Exercise data Start Marker

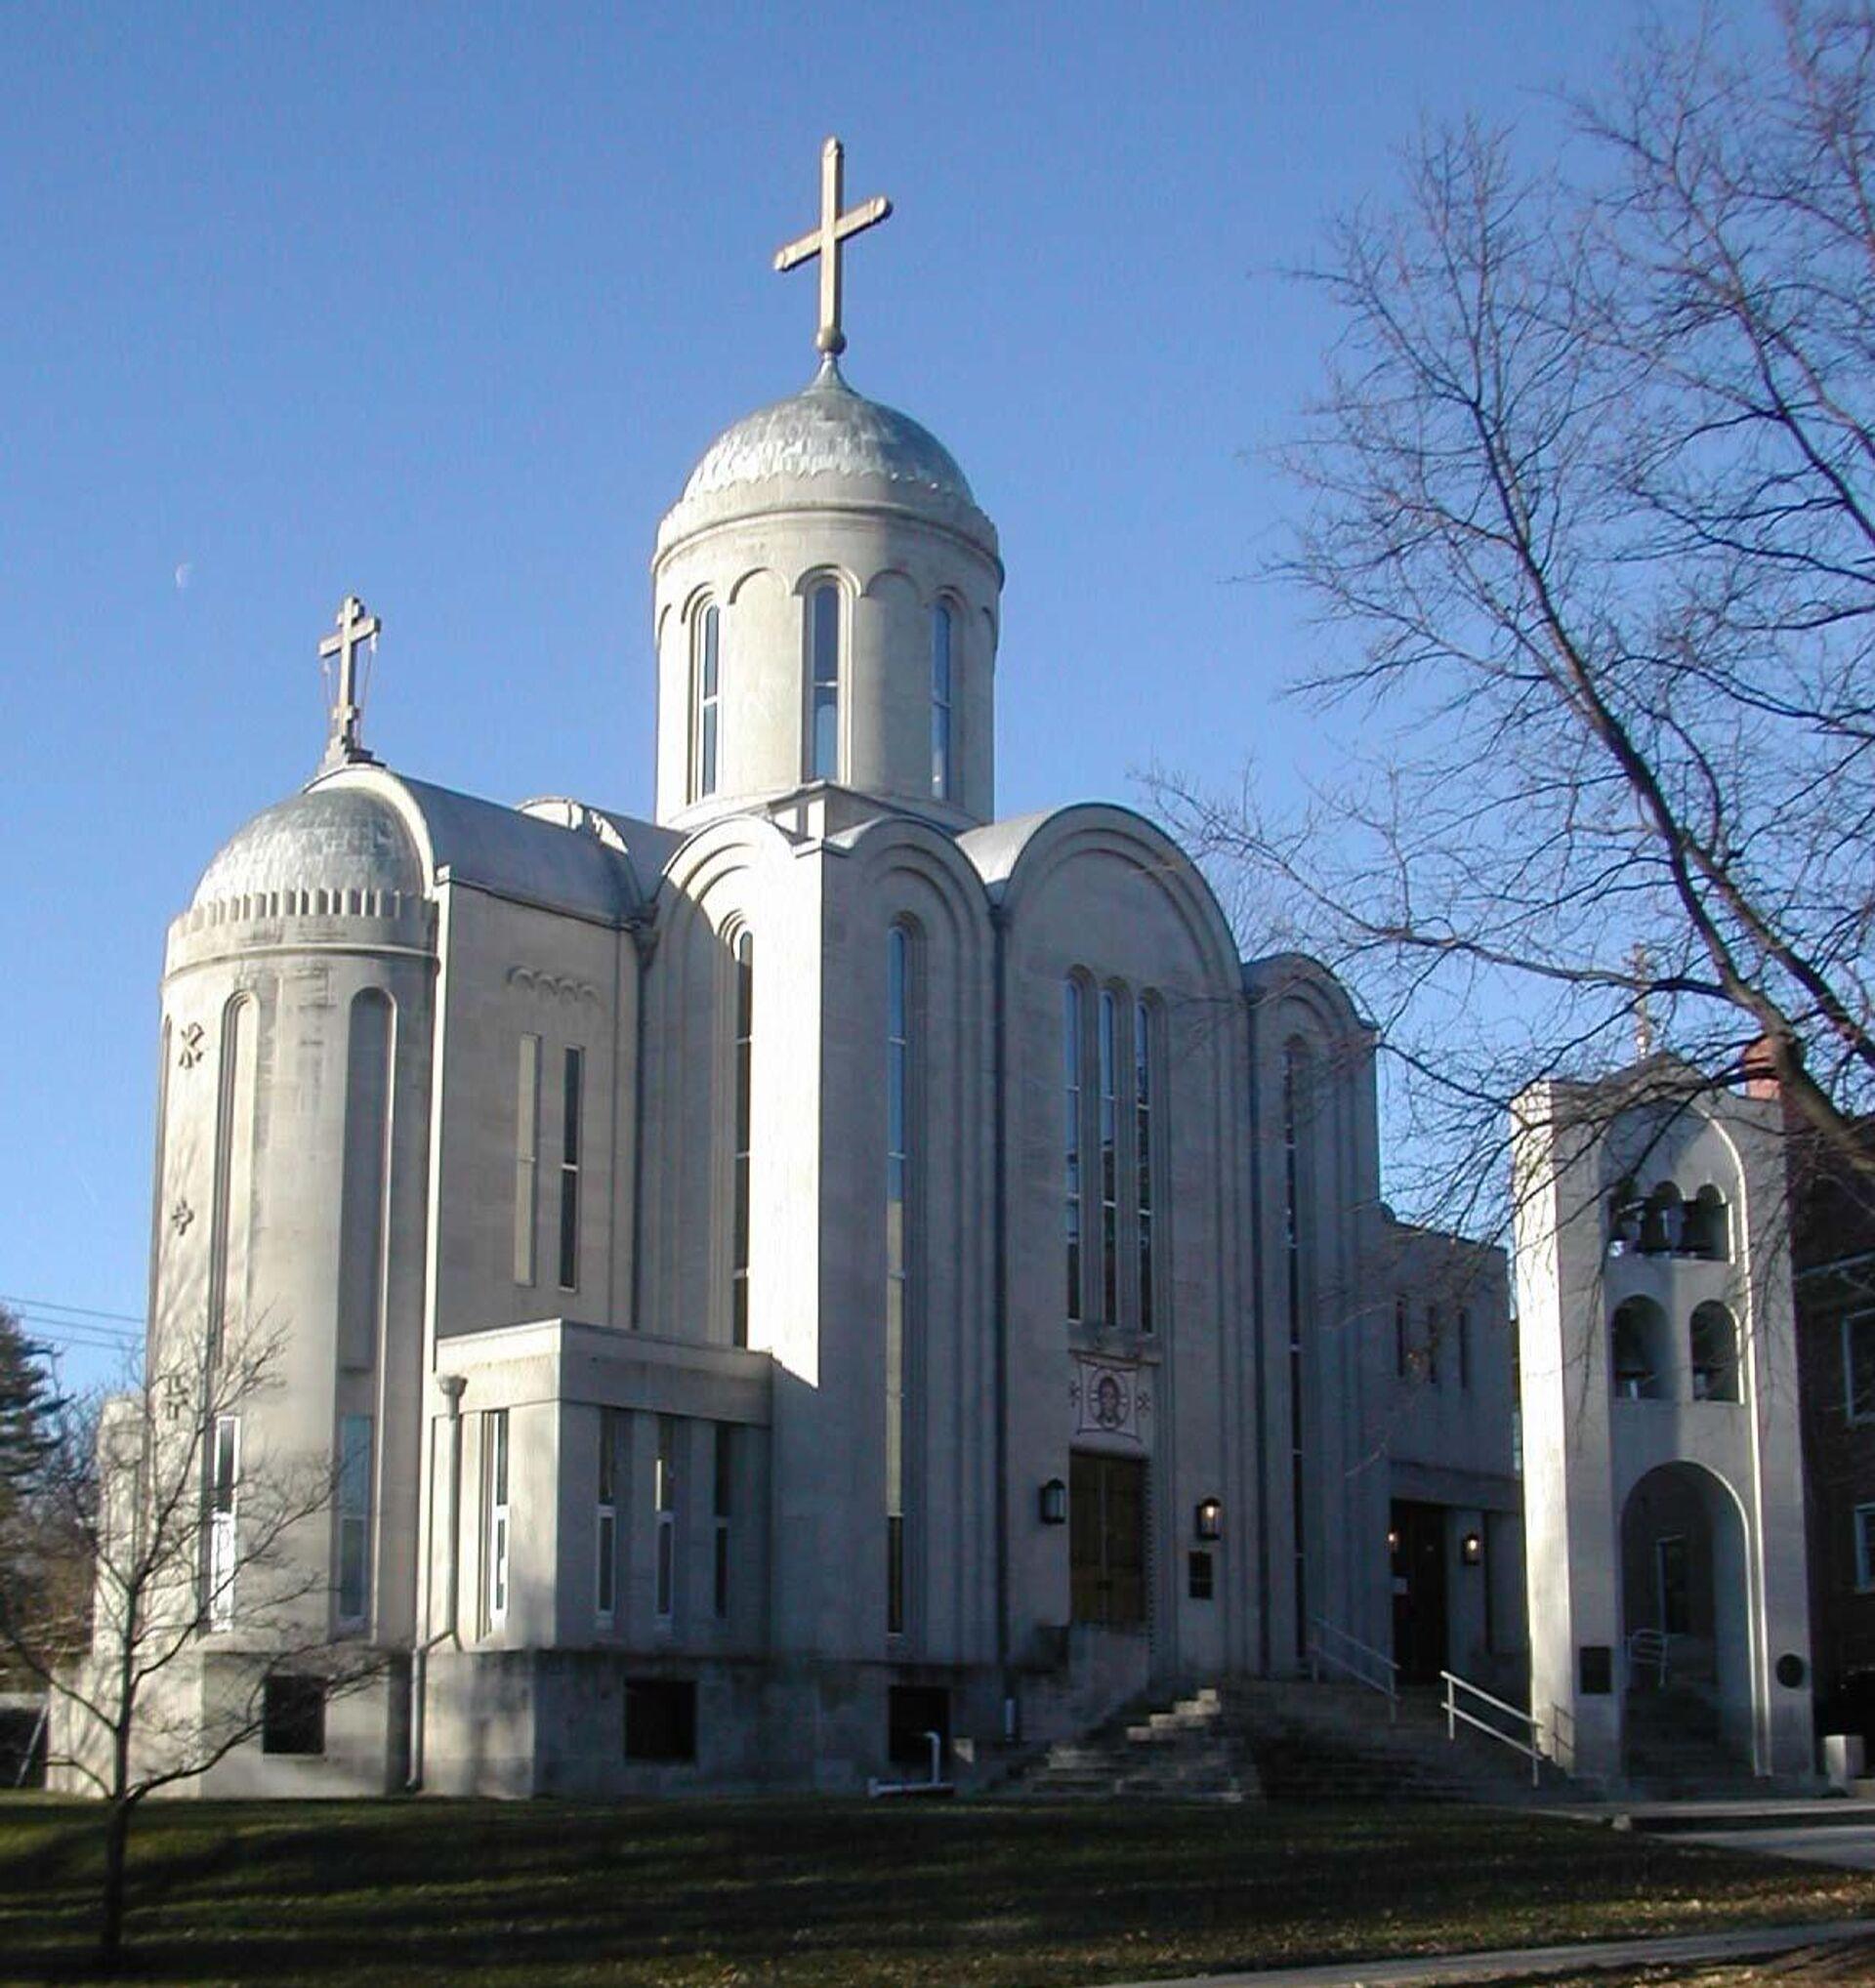 Свято-Николаевский собор в Вашингтоне - РИА Новости, 1920, 13.04.2021
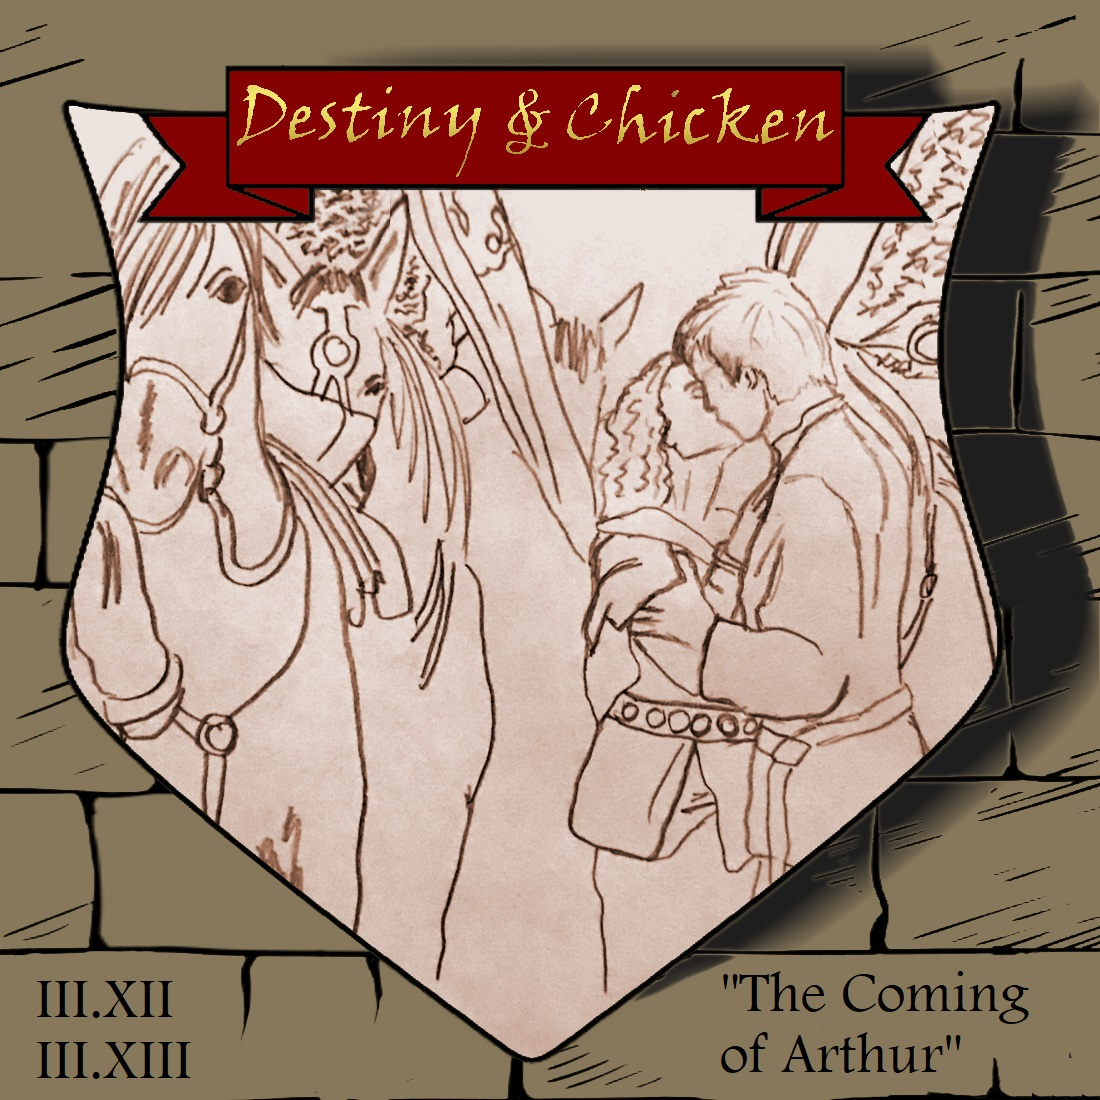 Episode III.XII & XIII - The Coming of Arthur - Part I & II
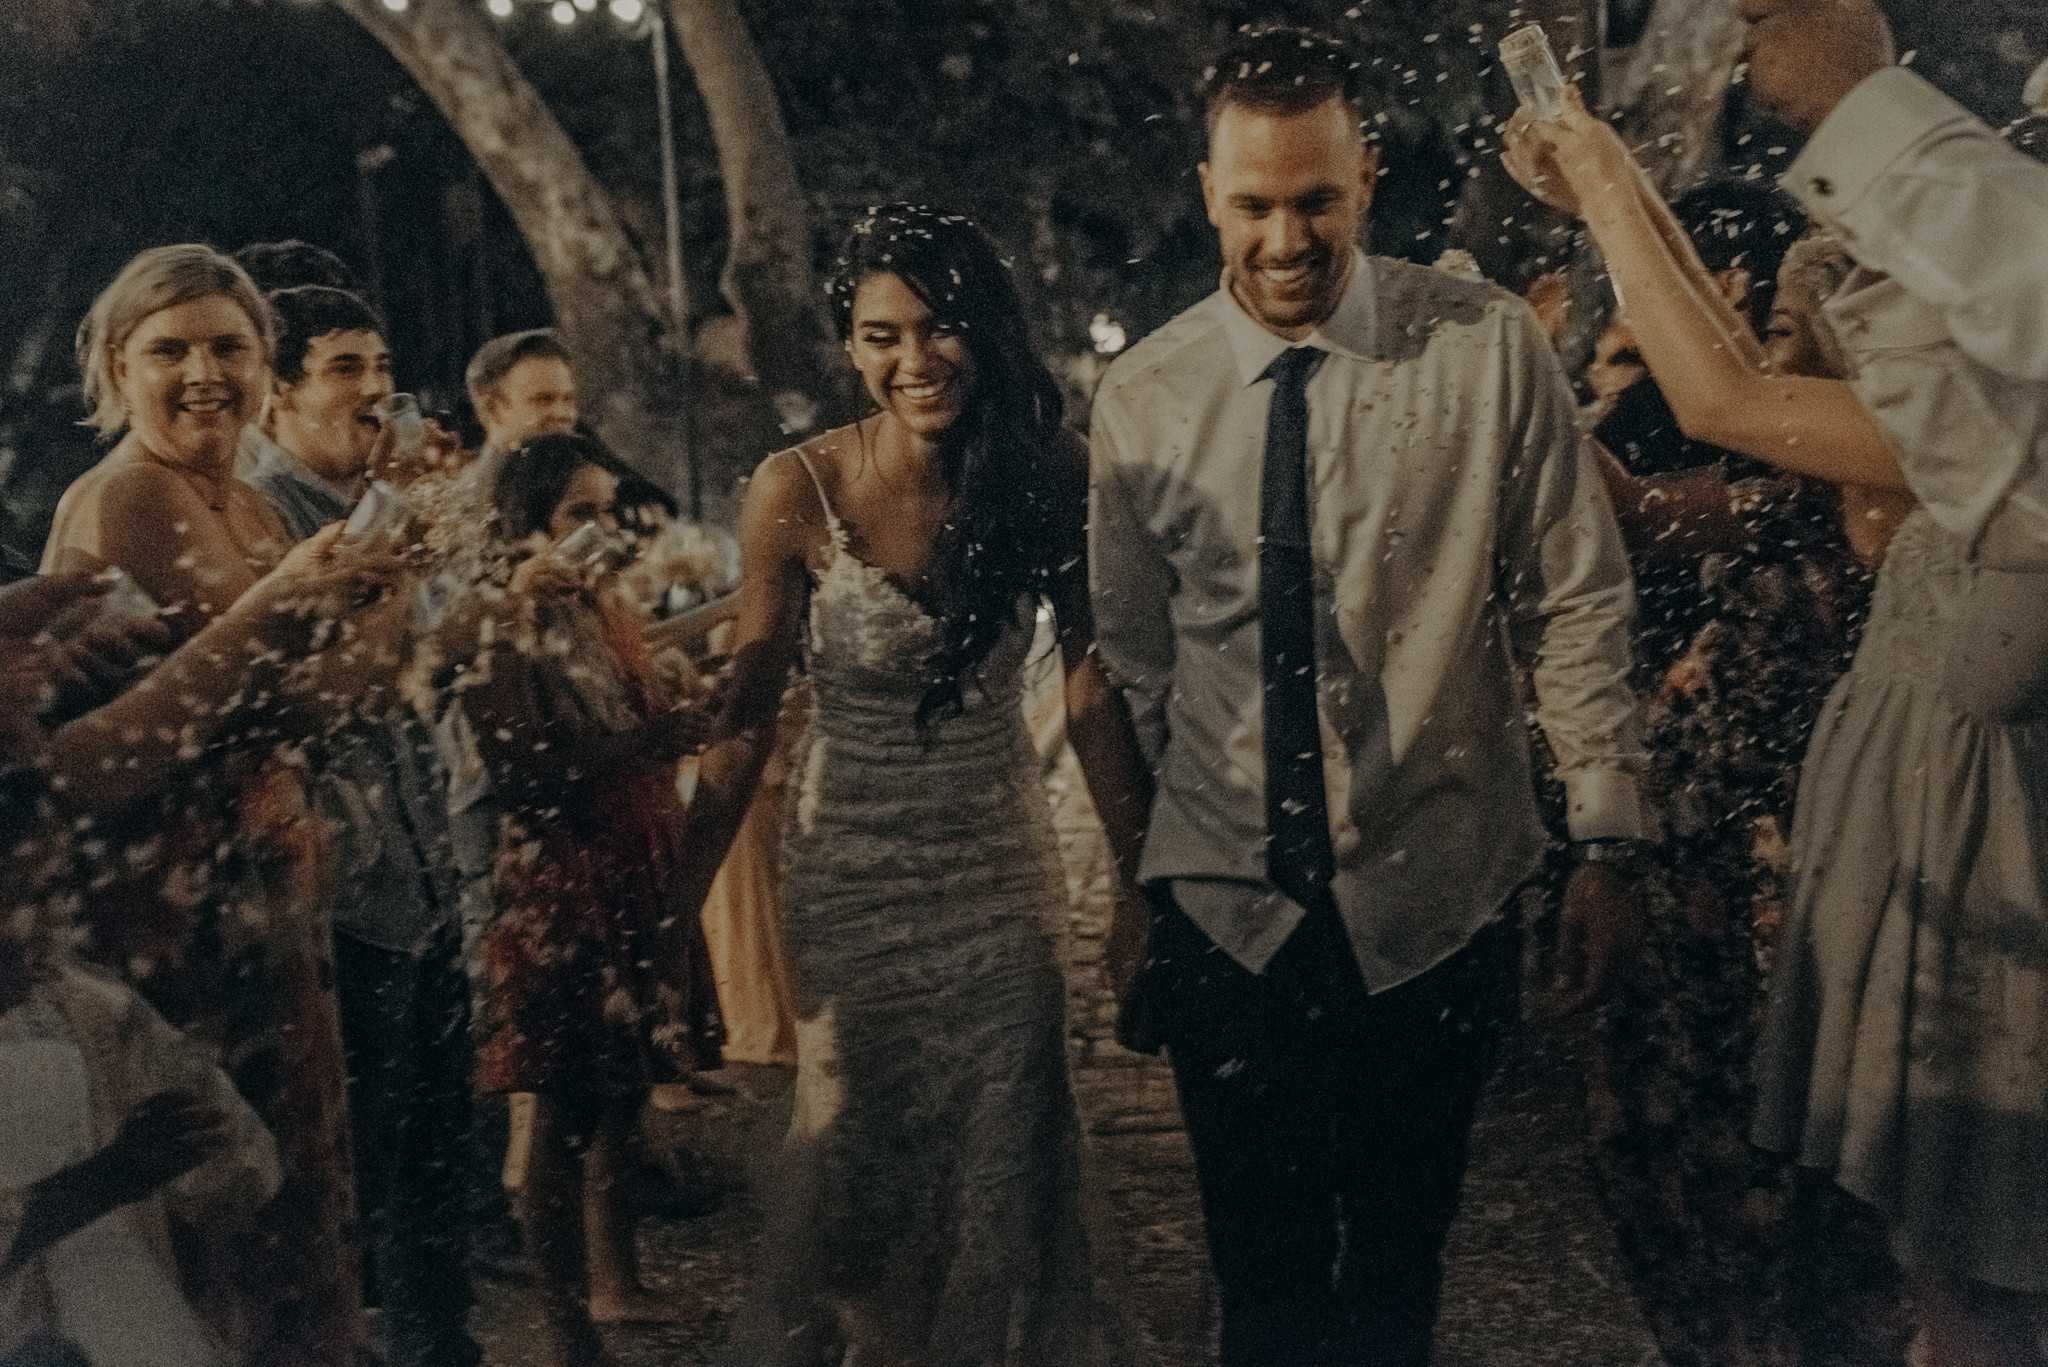 Isaiah + Taylor Photography - Rancho Las Lomas Wedding, Los Angeles Wedding Photographer-165.jpg

Exercise data End Marker

**What the exercise asks**
Repeat each line above exactly. The pictures stay out.

**Result of the exercise**
 Свято-Николаевский собор в Вашингтоне - РИА Новости, 1920, 13.04.2021
 Episode III.XII & XIII - The Coming of Arthur - Part I & II
 Isaiah + Taylor Photography - Rancho Las Lomas Wedding, Los Angeles Wedding Photographer-165.jpg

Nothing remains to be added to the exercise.